Razor serves up a a stylised, often theatrical, look at Sydney vice in the 1920s as Nine and Screentime take a leap of faith with their brand of urban myths.
I’m not sure whether Australia’s fascination with crims and the underworld harks back to our convict past, the Kelly Gang, Mad Dog Morgan, Squizzy Taylor or something else altogether. I suppose it it a trait of many ‘civilised’ societies. But we certainly seem to be drawn to them.
We’re also drawn to the Underbelly brand. There’s something about its mix of storytelling, star turns, media magnet and urban myth that piques our interest. The first season’s court banning elevated the Nine series above its (very good) content. In Victoria audiences watching it via bit torrent, buying bootleg DVDs in car parks, and pubs were screening it from signals from interstate. Nine may have been denied the ratings it deserved, but it unwittingly gained infamy, longevity and “event TV” status.
Now that we’ve peeled back the veneer of Melbourne in the 1990s, Sydney in the 1970s and 1980s, we stretch all the way back to the 1920s for Underbelly: Razor. Having also had three stand-alone telemovies, it’s now pretty clear that just about any crime story is ripe for the Underbelly treatment (although the ones that tell it from a crim perspective rather than a cop’s work best).
So despite being set amid Darlinghurst’s roaring back alleys, cheap brothels, two-up rooms and a distant, incomplete Harbour Bridge, the brand’s unmistakable style is all over this tale. And it works.
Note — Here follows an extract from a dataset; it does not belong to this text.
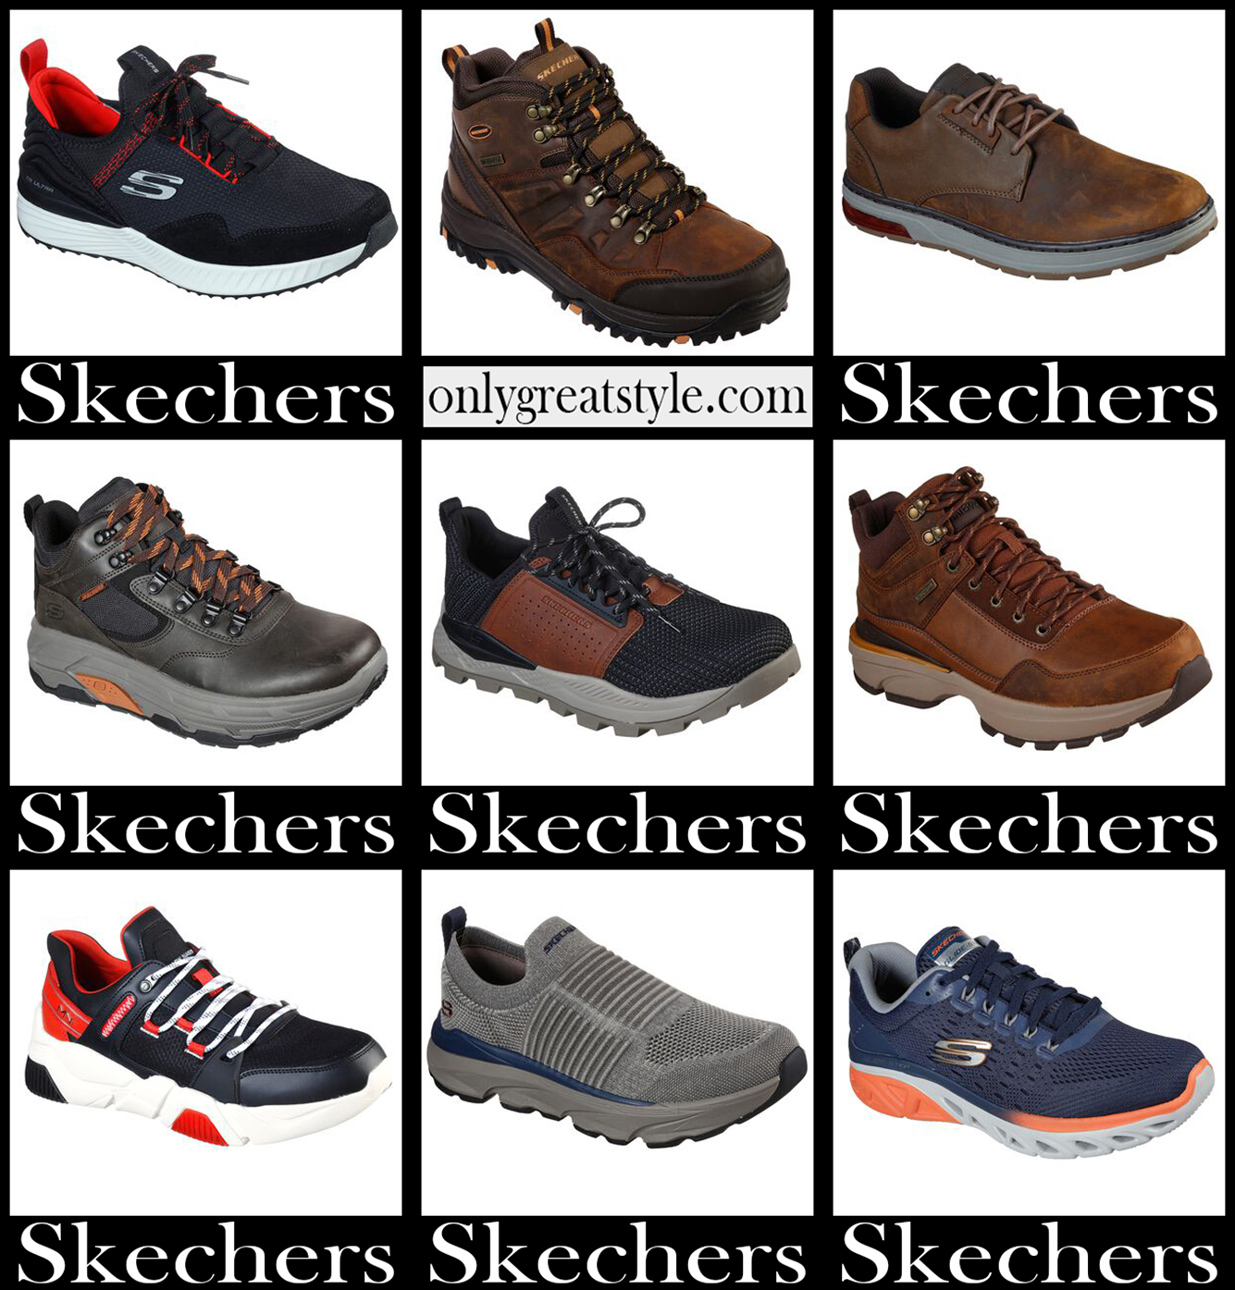 skechers winter shoes mens

Based on Larry Writer’s book Razor, the focus of the fourth series are infamous vice queens Kate Leigh (Danielle Cormack) and Tilly Devine (Chelsie Preston Crayford). Leigh ran a sly grog shop while Devine was a brothel madam. Sydney’s famed feud was almost ignited by the petty ownership of a spoiled dog. But it was to grow far worse.
They would become surrounded by thugs in dapper attire who would inflict pain at their beckoning, all without attracting conviction from the law.
In the two-hour season premiere original Underbelly location, Melbourne, makes an appearance when Squizzy Taylor (Justin Rosniak) banishes standover man Norman Bruhn (Jeremy Lindsay Taylor) to Sydney. Bruhn takes his young family north to build a new life and quickly asserts himself within the underworld -and in between Leigh and Devine.
Although Razor will become dominated by its female matriarchs, the opener is still strong in its male protagonists. Jeremy Lindsay Taylor is a standout as Bruhn with a swagger and menace fitting with the Underbelly marquee. Felix Williamson makes a sinister gangster, Phil “The Jew” Jeffs, and Khan Chittenden impresses as a baby-faced Frank “The Little Gunman” Green.
In the central roles of the feuding women are two New Zealand actresses. Underbelly‘s taste for sex and glamour depicts them as young and attractive, rather than opting for character actresses. Danielle Cormack brings dark glamour to her role as the defiant Kate Leigh. Chelsie Preston Crayford, as the British-born Tilly Devine, affects an extreme Cockney accent that risks caricature.
Razor does tinker with dramatic license, serving up a stylised, often theatrical, take for primetime television. But then, did Jonathan Rhys Meyers’ sexed-up Henry VIII ever stop us from enjoying The Tudors? So what if Andy Whitfield’s Spartacus was a semi-porn lesson in Roman history? Similarly, Razor is no documentary. Taking a 1990s song such as “The Nips Are Getting Bigger” and singing it in a cabaret bar may not be historically accurate, but it absolutely works.
Screentime, which achieved visual triumphs in Cloudstreet, turns it on again in Razor. The use of locations, the production design and lighting are outstanding. The costumes are excellent, although a few too many look like they have just walked off the rack rather than being lived in.
All the Underbelly hallmarks are here: Caroline Craig’s narration (thankfully they pull back on it with each season), story montages (ditto), sex (Underbelly is always biased to the girls getting buff), violence -and more violence.
Some Underbellys have begun with a big bang but not kept the quality across the series. This premiere feels like it is just warming up, keeping plenty in reserve. Compared to previous seasons there is more for the eye too, sometimes resembling a graphic novel on the small screen.
Taking us back to post World War I Sydney was a leap of faith by Nine and Screentime. But in a year of period dramas they have timed this very well. There may well be blood on the streets and blood on the box too.
Underbelly: Razor airs 8:30pm Sundays on Nine.